A few months ago, my son, "Joe," introduced me to his girlfriend, "Carrie." After the meeting, Joe asked my opinion of Carrie. I told him she dressed too suggestively, that she was standoffish and smug. Joe repeated my remarks to Carrie, who is now his fiancee. Although I put my feelings aside for my son's sake and have welcomed her into the family, Carrie wants nothing to do with me and has excluded me from all the wedding plans and pre-wedding festivities. My son refuses to get involved and I am afraid that if this continues, I will always be persona non grata with my son and his new family. What can I do?
Trying to Make Amends
in Washington State
Too bad your son didn't "refuse" to get involved before he opened his pie hole and betrayed your confidence and turned his girlfriend against you.
Even better, before he invited an opinion he knew was not going to be good.
Better still, before he selected a girl he was certain his mom would dislike.
These are all bygones. But they can be useful ones, if you can accept them without throwing them back in his face. "You said you didn't want to get involved, and I understand that -- I wouldn't either. But you already got involved when you shared my words with your girlfriend, so all I ask is that you stay involved to help me repair the damage."

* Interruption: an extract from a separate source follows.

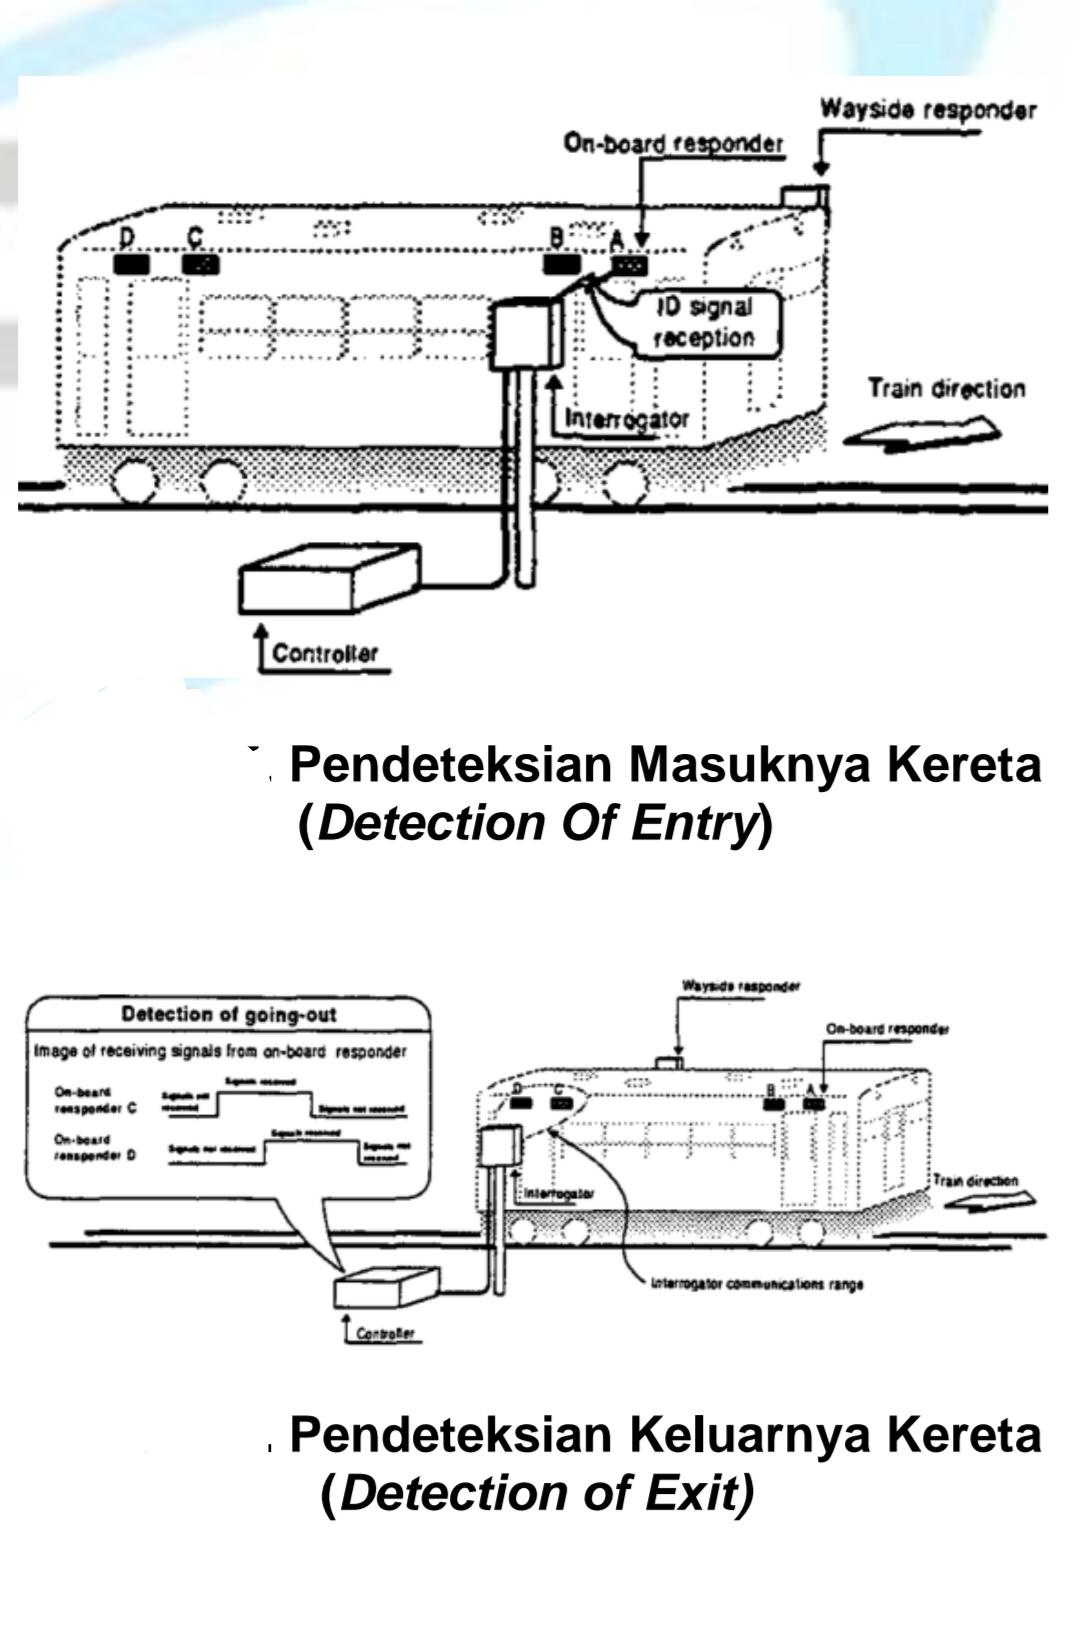 Deteksi Masuk dan Keluar Suatu Kereta Pada Sistem Gelombang Mikro Balise   Foto : BPPT

Will it work? Probably not. A kid (or a sibling or a friend) can't pass along an opinion that damaging without knowing full well the damage it's going to cause. Which, paired with his blithe willingness to watch you get shunned, suggests it was his intent.
Many people harbor anger, legitimate or otherwise, toward their families that they don't have the strength to express on their own. Enter the conveniently inappropriate mate. The angry person (your son) brings home Miss Cleavage USA (Carrie), and you predictably take exception, and he tells Carrie everything, and Carrie predictably takes exception, and he declares Carrie a keeper, and Carrie banishes you from their lives, and your son gets to flip you the bird without ever lifting a finger. If I'm right, I'm sorry; there's only so much you can do. If it wasn't Carrie's first impression, it would be her (or Amber's or Jennifer's) job/family/housekeeping. He's probably not even fully aware himself of what he's done.
If I've guessed wrong, there's still only so much you can do, and -- this is the (sort-of) good news -- it's the same thing, whether he's angry just about this, angry for other good reasons, or angry because he's messed up, misguided or spoiled: If you aren't ready to be cut off from him, you . . .
* Approach your son and Carrie separately;
* Say you were wrong to prejudge;
* Ask for a chance to make amends for this, or to address something else on his mind;
* Express gratitude for whatever crumbs they then throw you. You know. Grovel.
And hang in there, without pressuring them, and hope for the healing graces of time. (Or that they need you to sit for their kids.)